Nothing but the lines from the one containing "6) Universita' di" through the one containing "trama vettoriale blu", both included, should be given again, each exactly as written below.

+===+

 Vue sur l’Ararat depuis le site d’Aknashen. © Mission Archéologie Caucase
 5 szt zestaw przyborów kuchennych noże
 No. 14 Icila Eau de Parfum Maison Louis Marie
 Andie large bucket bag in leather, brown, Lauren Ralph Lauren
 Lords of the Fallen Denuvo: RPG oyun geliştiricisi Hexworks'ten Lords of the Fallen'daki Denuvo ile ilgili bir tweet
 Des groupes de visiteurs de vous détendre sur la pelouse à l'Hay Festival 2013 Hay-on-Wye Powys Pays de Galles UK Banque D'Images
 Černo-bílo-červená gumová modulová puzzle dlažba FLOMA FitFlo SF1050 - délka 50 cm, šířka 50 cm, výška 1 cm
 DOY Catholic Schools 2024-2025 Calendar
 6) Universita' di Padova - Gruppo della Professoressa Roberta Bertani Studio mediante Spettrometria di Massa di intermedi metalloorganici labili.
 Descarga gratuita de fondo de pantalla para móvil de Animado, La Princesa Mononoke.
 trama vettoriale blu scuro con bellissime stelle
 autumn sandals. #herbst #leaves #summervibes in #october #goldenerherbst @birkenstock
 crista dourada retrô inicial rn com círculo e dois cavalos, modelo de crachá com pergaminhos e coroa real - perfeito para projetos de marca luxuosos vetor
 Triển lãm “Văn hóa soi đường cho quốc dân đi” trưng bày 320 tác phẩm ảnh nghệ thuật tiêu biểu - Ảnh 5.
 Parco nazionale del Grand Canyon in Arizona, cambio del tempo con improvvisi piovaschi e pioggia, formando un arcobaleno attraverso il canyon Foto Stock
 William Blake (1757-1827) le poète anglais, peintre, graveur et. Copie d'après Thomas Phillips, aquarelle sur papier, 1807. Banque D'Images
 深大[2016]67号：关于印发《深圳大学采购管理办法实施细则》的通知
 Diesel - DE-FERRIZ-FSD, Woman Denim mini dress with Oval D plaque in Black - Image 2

+===+

◆ **Answer to this problem**:
 6) Universita' di Padova - Gruppo della Professoressa Roberta Bertani Studio mediante Spettrometria di Massa di intermedi metalloorganici labili.
 Descarga gratuita de fondo de pantalla para móvil de Animado, La Princesa Mononoke.
 trama vettoriale blu scuro con bellissime stelle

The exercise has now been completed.